Fundamentals of Polynomials

Fundamentals of Polynomials
*Equation : 
    A statement of equality involving one or more variables is called an equation (or) An equation is a statement in which two algebraic expressions are equal.
    Ex : (i) 2x-4=6            (ii) x+2= 3y-4
*Linear equation :  
    An equation involving one variable with highest power 1, is called a linear equation in that variable.
    Ex : (i)  2x+5 =7           (ii) 4y = 2
*Solution of a linear equation : When the value of the variable satisfies the given equation then that value is called the solution (root) of the given equation.
*Rules for solving a Linear Equation : 
    Solving a linear equation involves isolating the variable on one side of the equation. Here are the general rules and steps to solve a linear equation:
Understand the Equation:
    Identify the variable(s) in the equation. Typically, a linear equation is in the form:
    ax+b=c, where a,b and c  are constants, and x is the variable.
Combine Like Terms:
    If there are like terms on either side of the equation, combine them. Like terms have the same variable and exponent.
Isolate the Variable:
    Perform operations to isolate the variable on one side of the equation. Use inverse operations to undo the operations present in the equation.

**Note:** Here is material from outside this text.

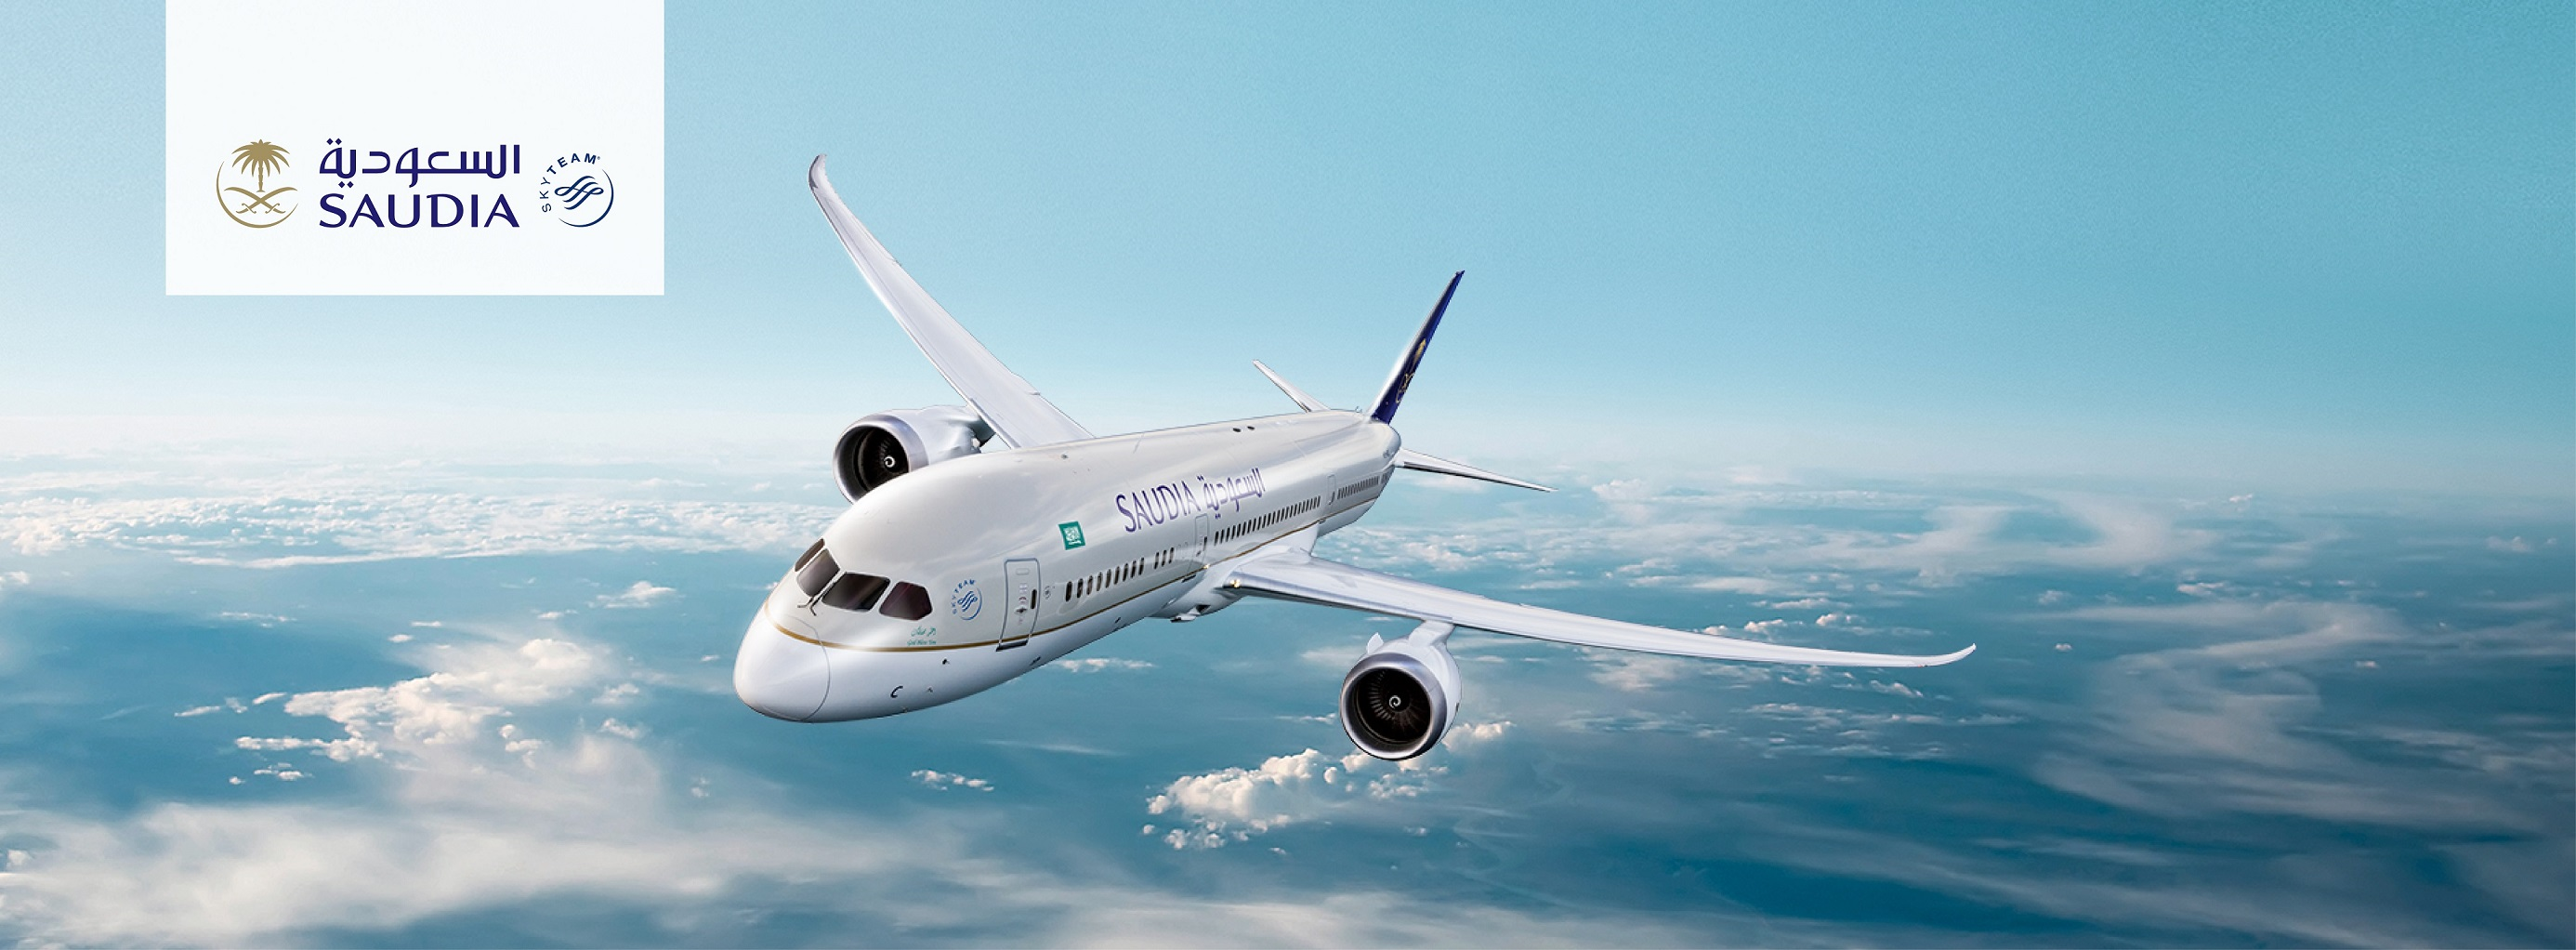 Aerolínea saudí tiene listos 7 aviones para recoger a los peregrinos cataríes en Doha
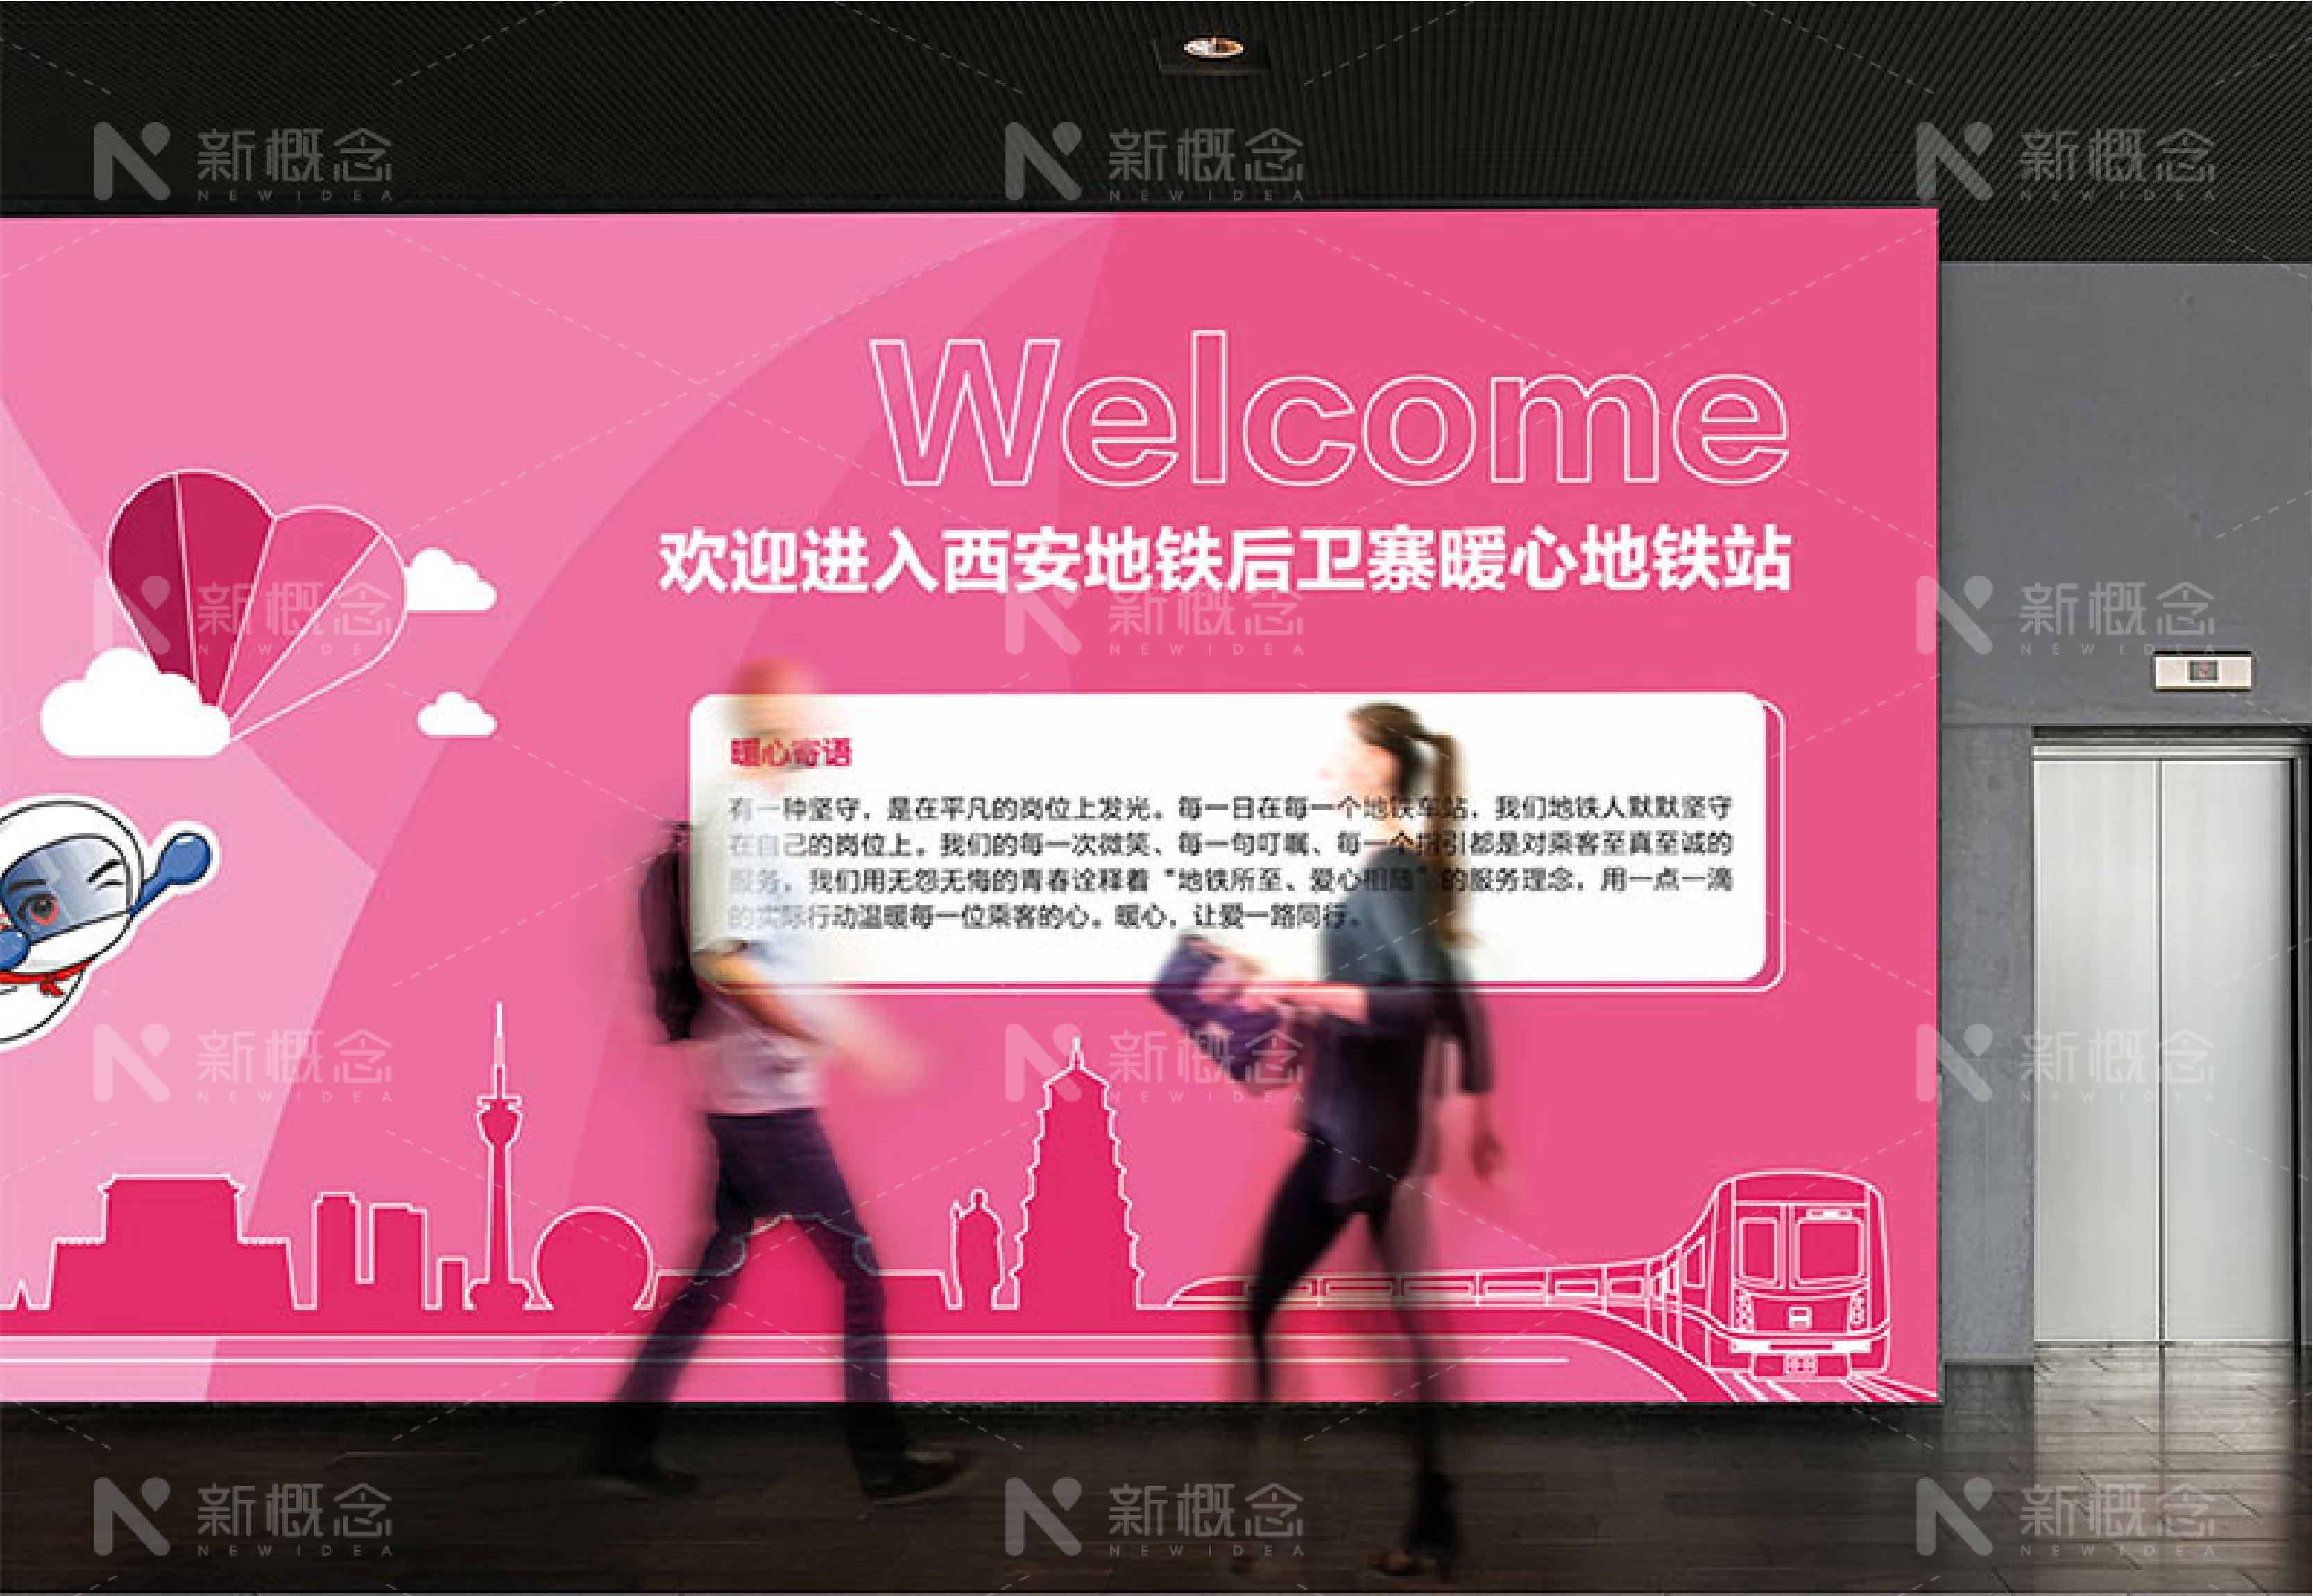 西安地铁(后卫寨)宣传创意设计

Here are common operations and their inverses:
                    Addition and Subtraction:
                    Undo addition with subtraction and vice versa.
                    Multiplication and Division:
                    Undo multiplication with division and vice versa.
Perform Operations Symmetrically:
    Perform the same operation on both sides of the equation to maintain balance. The goal is to simplify the equation and isolate the variable.
Check Your Solution:
    After solving for the variable, substitute the solution back into the original equation to ensure that both sides are equal. If the equation holds true, then the solution is correct.
No Solution or Infinite Solutions:
    In some cases, a linear equation may have no solution or infinite solutions. This can happen when simplifying the equation leads to a statement that is always true (e.g., 0=0) or always false (e.g., 3=5)
Example
    Solve the equation 2x-5=11
    Add 5 to both sides: 2x =16.
    Divide by 2:x=8.
    Check the solution: 2(8)-5=16-5=11
    The equation holds true, so x=8 is the solution.
The equality of a linear equation is not changed, when 
     (1) the same number is added to both sides of the equation,
     (2) the same number is subtracted from both sides of the equation,
     (3) both sides of the equation are multiplied by the same non-zero number,
     (4) both sides of the equation are divided by the same non-zero number.